William Dalrymple

How a humiliating defeat secured Britain its empire

After the Amboyna massacre of 1623, the newly-fledged East India Company conceded the spice trade to the Dutch – to focus instead on the riches of India

Sir Thomas Smythe – perhaps the greatest businessman in Elizabethan England. [Alamy] 
issue 08 April 2023

Beneath a flinty church tower deep in the Kent marshes, ‘among putrid estuaries and leaden waters’, lies a monument to an Elizabethan man of business. It is not much to look at. David Howarth calls it ‘second rate… dull’ and ‘strangely provisional’, despite its expanse of glossy alabaster. Moreover, the name of the man commemorated will ring few bells, even among historians. But it is the only memorial erected to one of the most important men in English history.
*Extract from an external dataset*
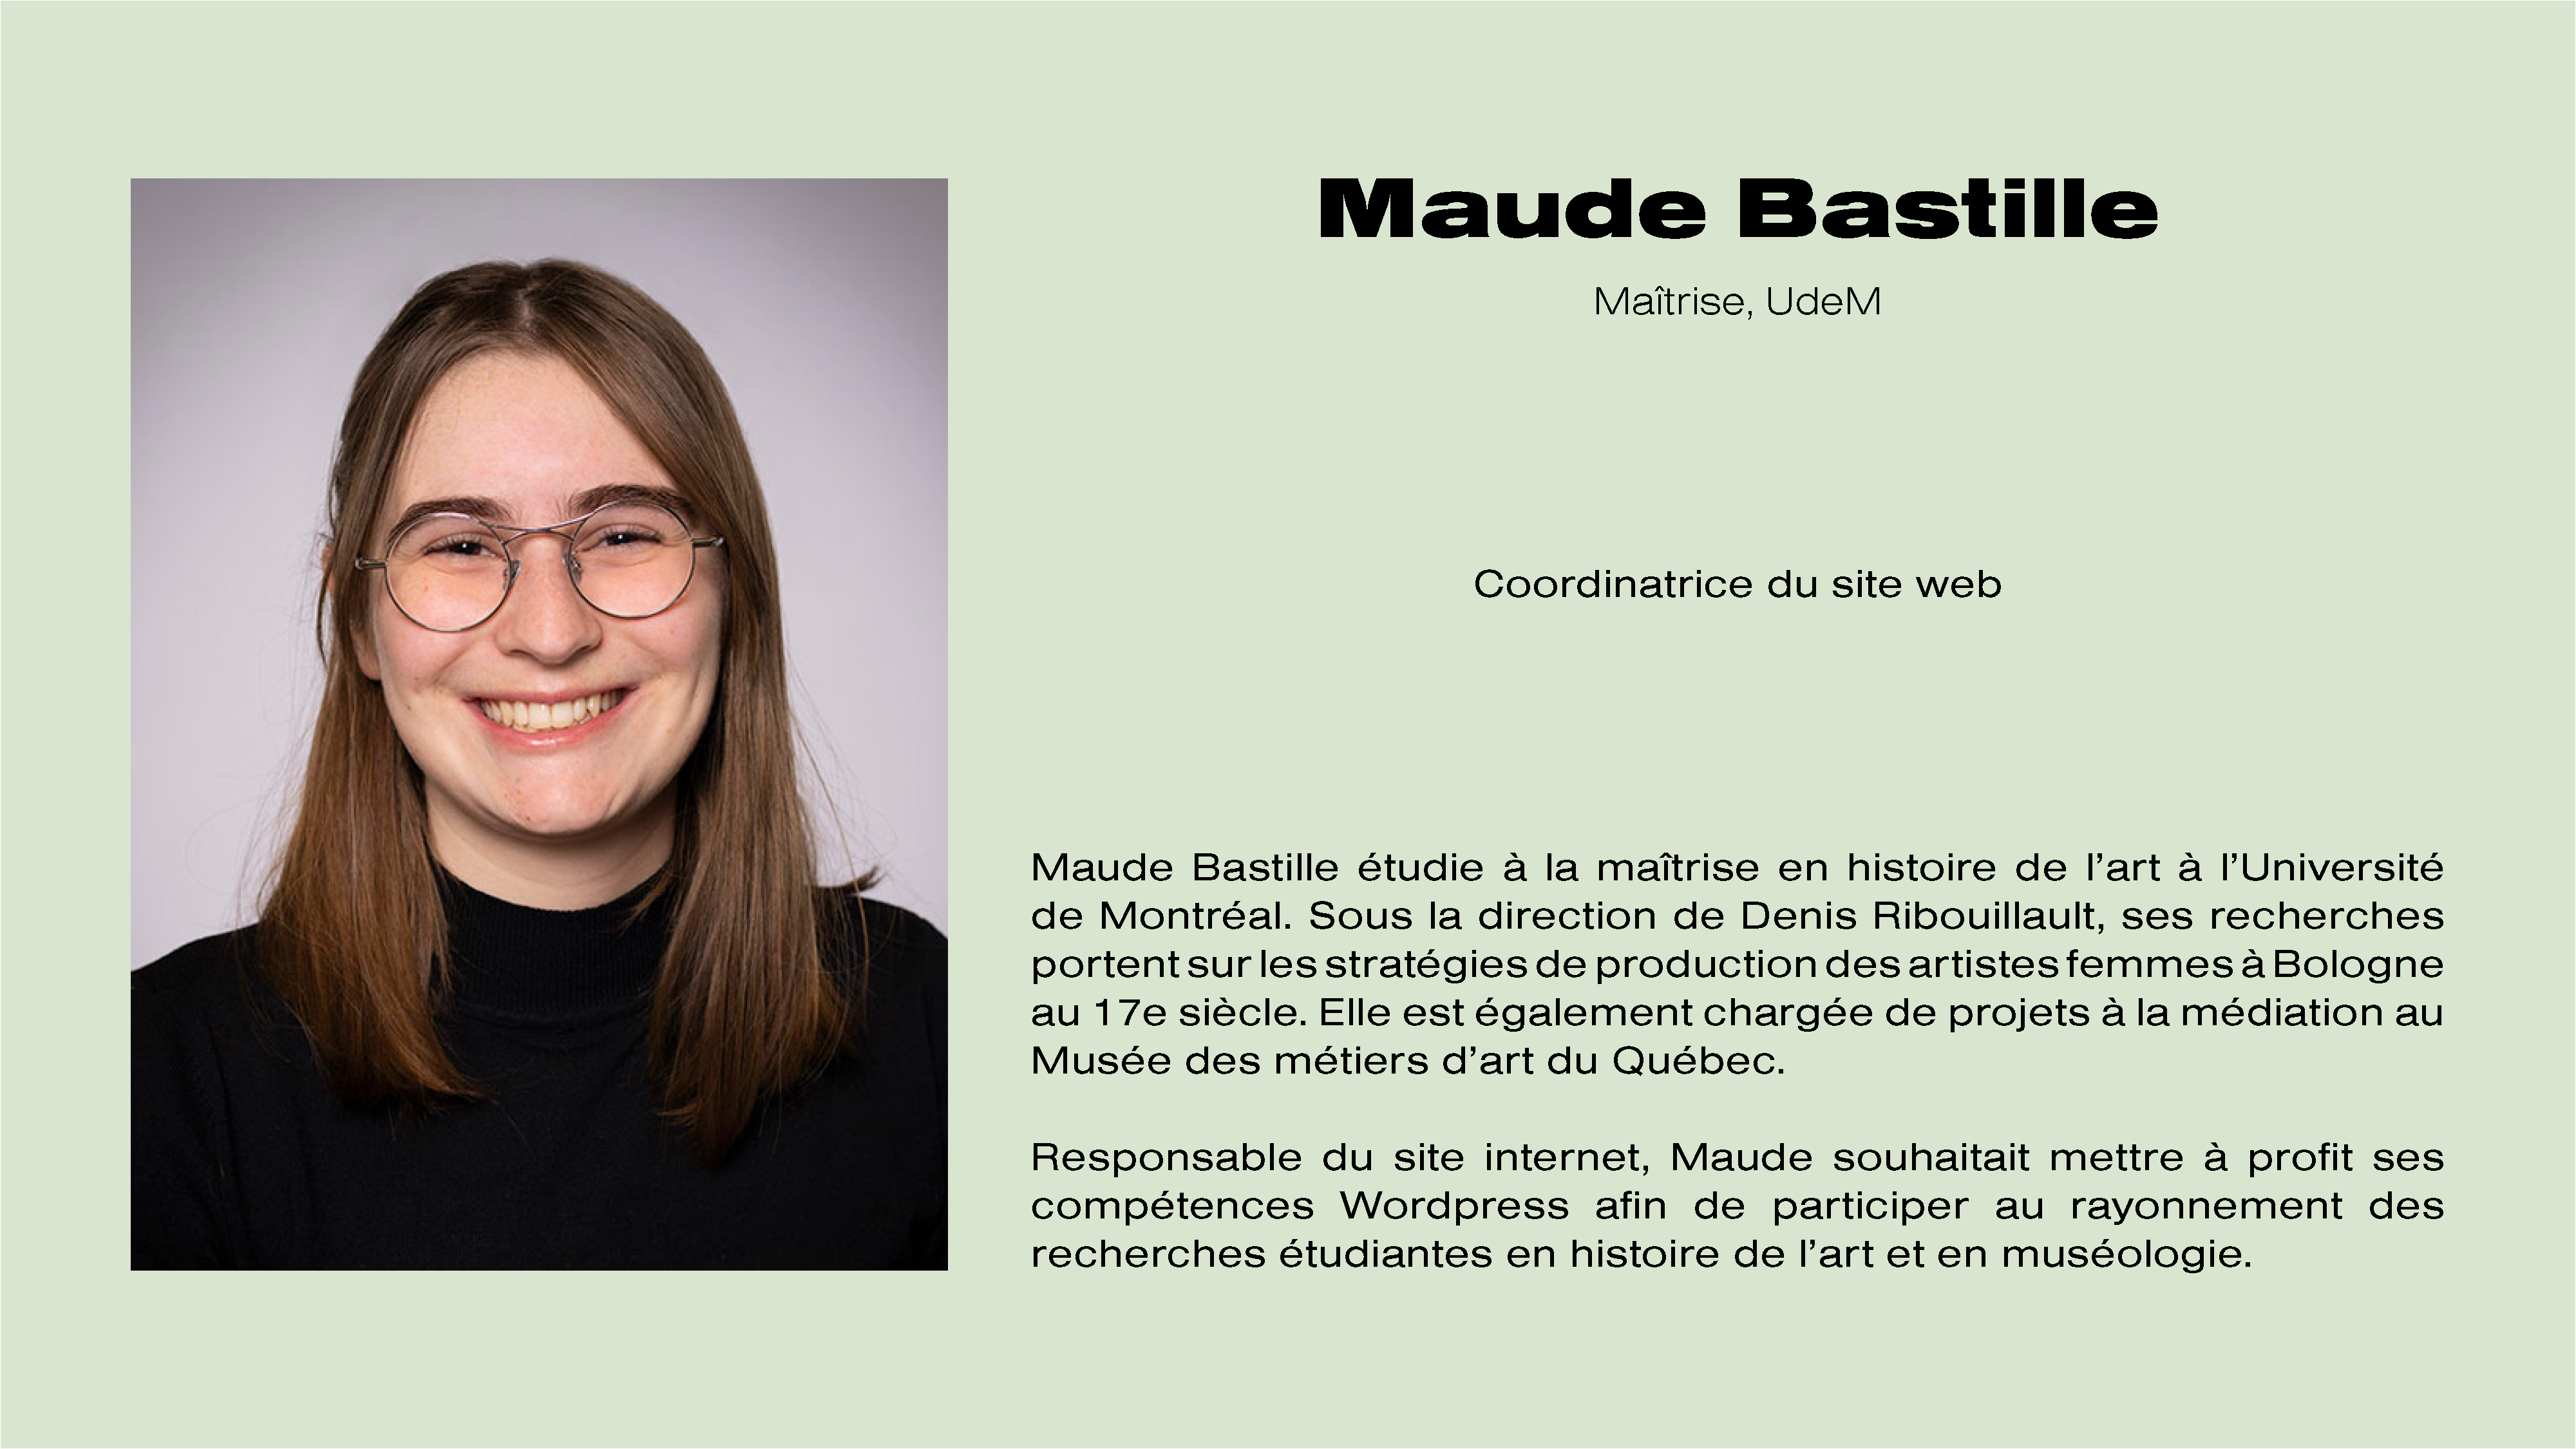 Maude Bastille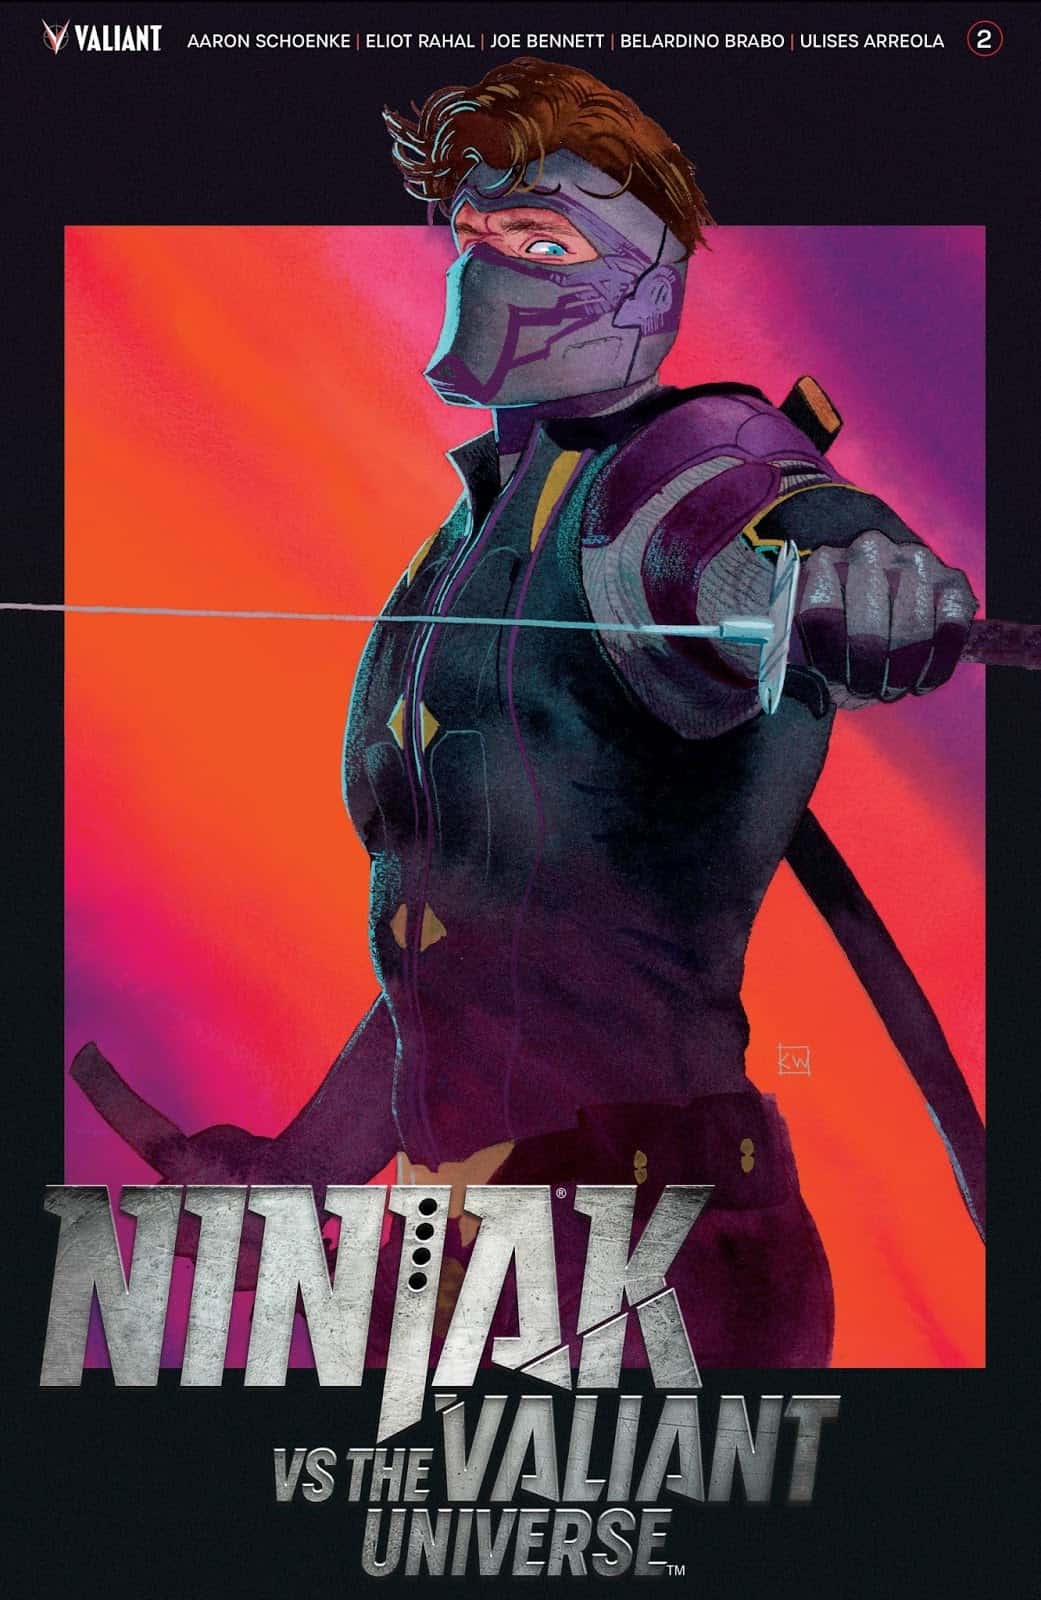 free download mark of the ninja gog

Sir Thomas Smythe was perhaps the greatest businessman in Elizabethan England. He not only founded the East India Company; he also played a leading role in several other significant commercial and pioneering proto-colonial ventures of the age. He started off running the Muscovy Company, the first joint stock company in history; then sat at the helm of the Levant Company, engaged in trade with the Ottoman empire, and was treasurer of the Virginia Plantation, which supervised the early English colonies in the New World. In these various capacities he laid the groundwork for many of the institutions that would do most to propel England from a relatively impoverished country at the edge of Europe to what would become, just a century and a half later, the world’s biggest economy and most successful imperial power.

Portraits of Smythe show a grave, bearded, stovepipe-hatted figure, his face nestled in cambric ruffs. He wore, at different times, many different hats: member of parliament; sheriff and auditor of the City of London; importer of currants from the Greek islands and spices from Aleppo; co-founder of the Levant Company and the Somers Isles (or Bermuda) Companies; and even ‘principal commissioner for the London expedition against ye pirates and for a voyage to ye river Senega[l] upon ye coast of Africa’.

But his most important initiative was to set up the meeting at the Founders Hall in Moorgate Fields, on the edge of London, on 24 September 1599 – around the time Shakespeare must have been pondering the concluding scenes of Hamlet.